OpenSearch is an open-source search and analytics engine, a fork of Elasticsearch and Kibana, designed for applications such as log analytics and search functions.
Why disable swap for OpenSearch?
Disabling swap improves performance by ensuring that the data frequently accessed by the OpenSearch application remains in physical RAM.

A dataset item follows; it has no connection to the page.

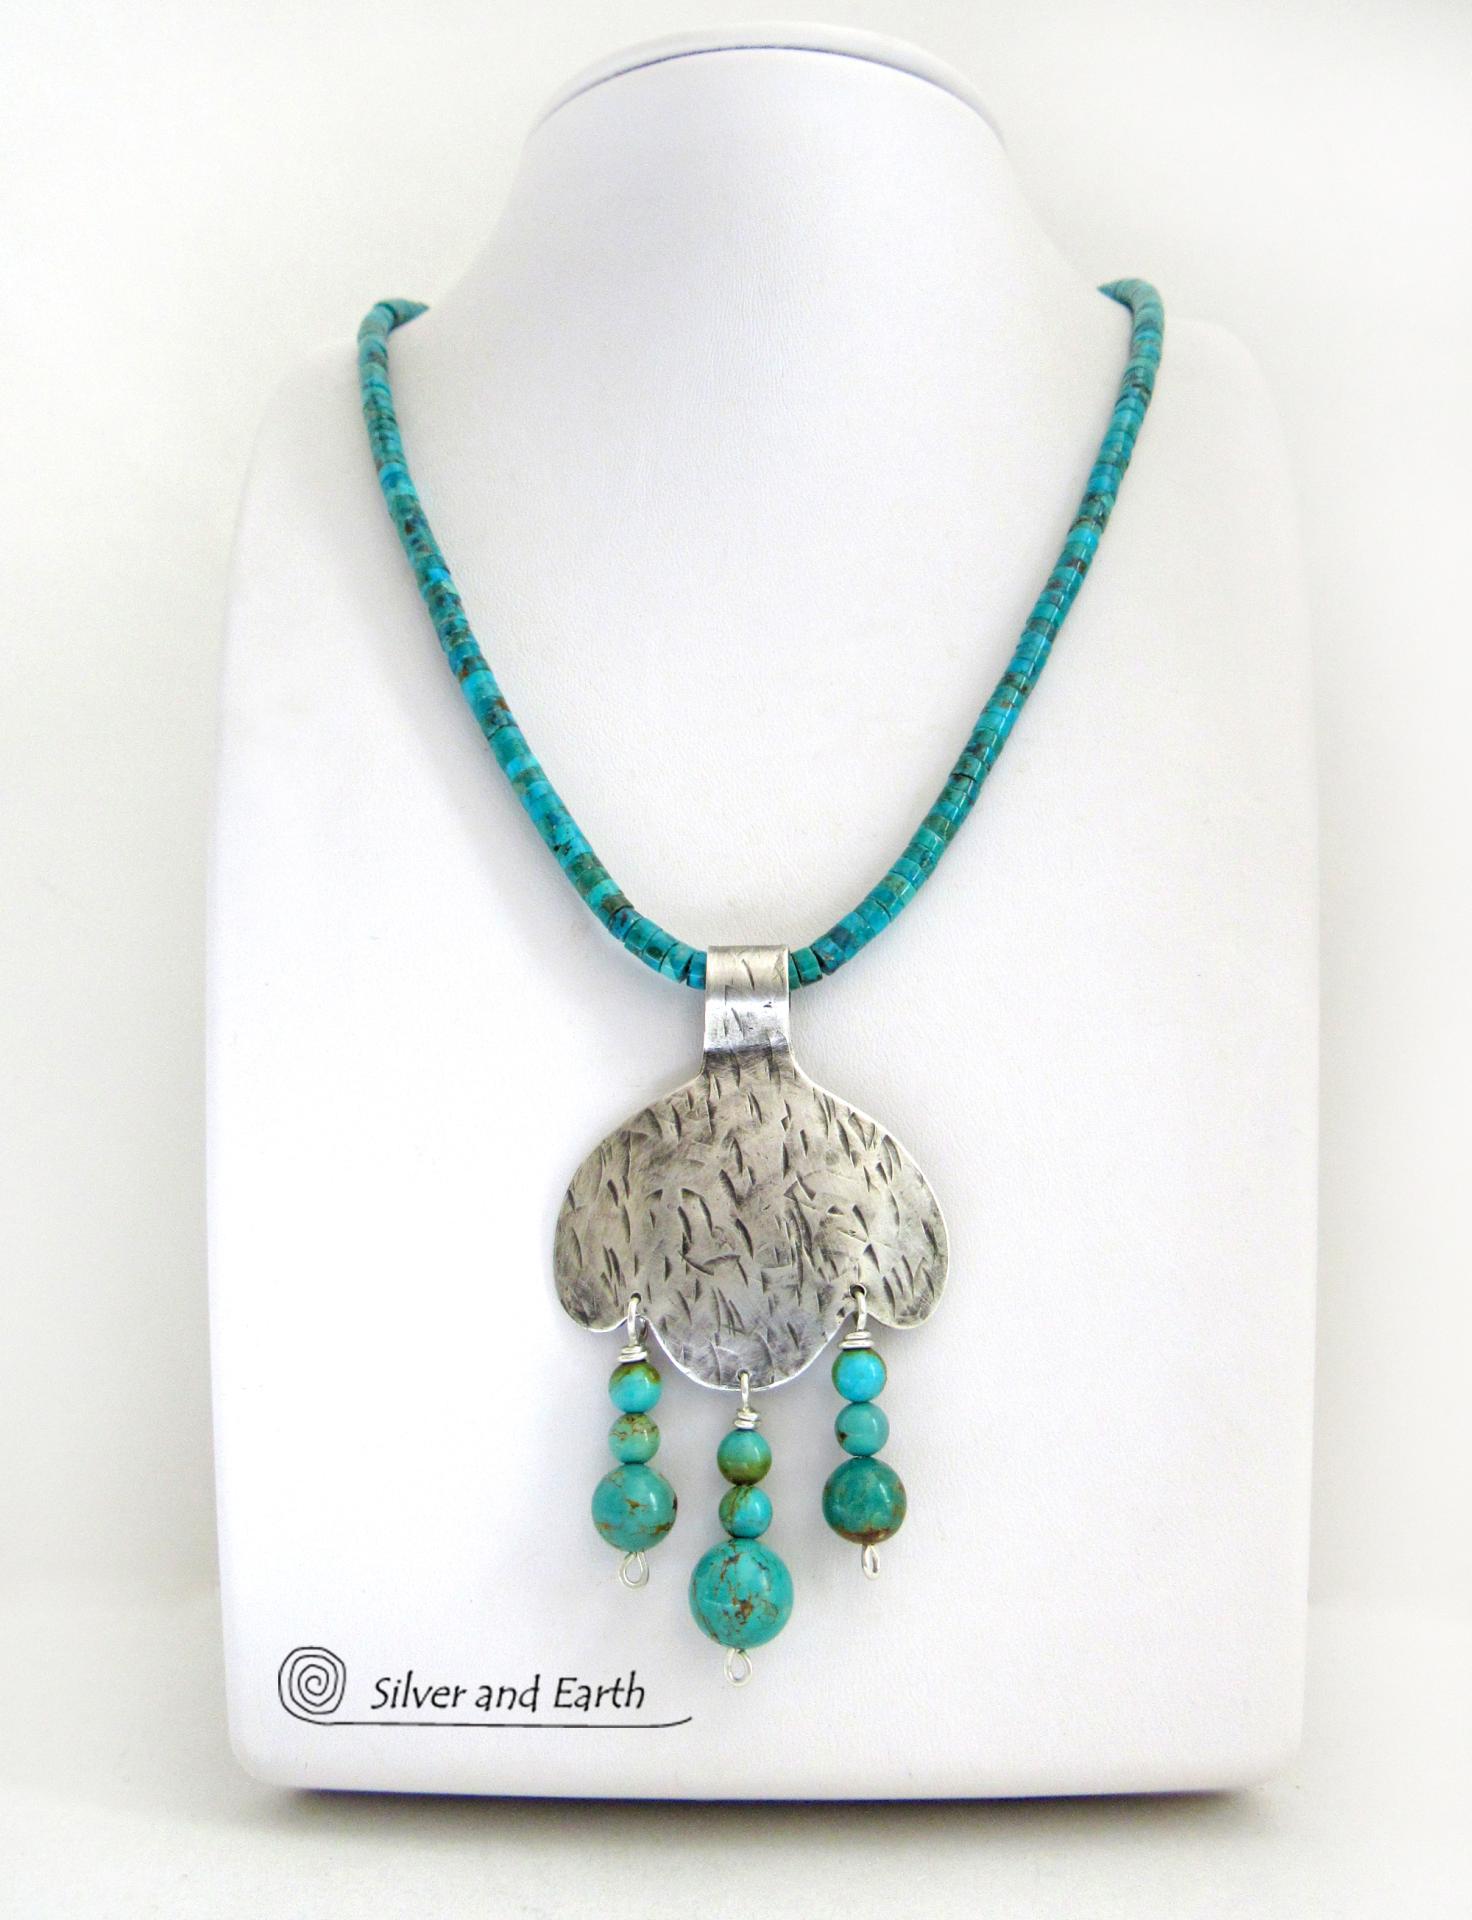 Sterling Silver Pendant with Turquoise Fringe Dangles on Turquoise Heishi Necklace - Southwestern Style Jewelry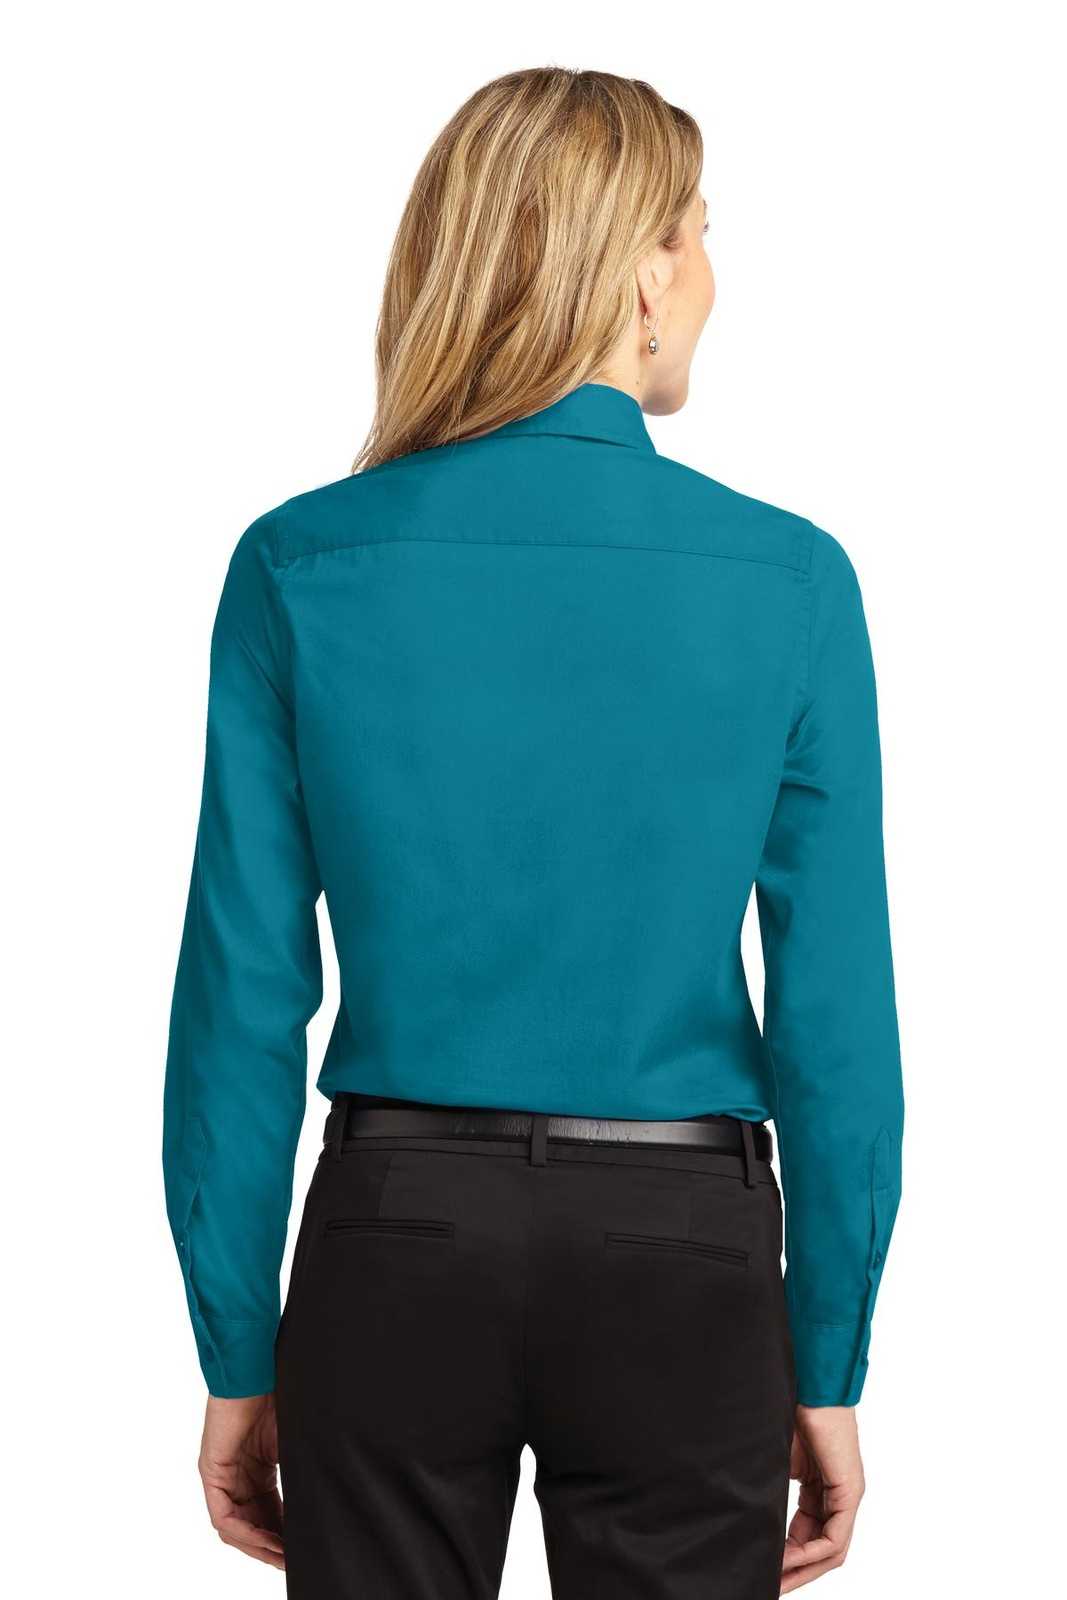 Port Authority L608 Ladies Long Sleeve Easy Care Shirt - Teal Green - HIT a Double - 2

How do I secure OpenSearch?
Install SSL/TLS certificates as described in the guide, enable security features in the configuration file, and set up user-based authentication and authorization.
Can OpenSearch Dashboards be installed on other distributions?
Yes, OpenSearch Dashboards can be installed on other Linux distributions following similar steps, provided compatible package versions are used.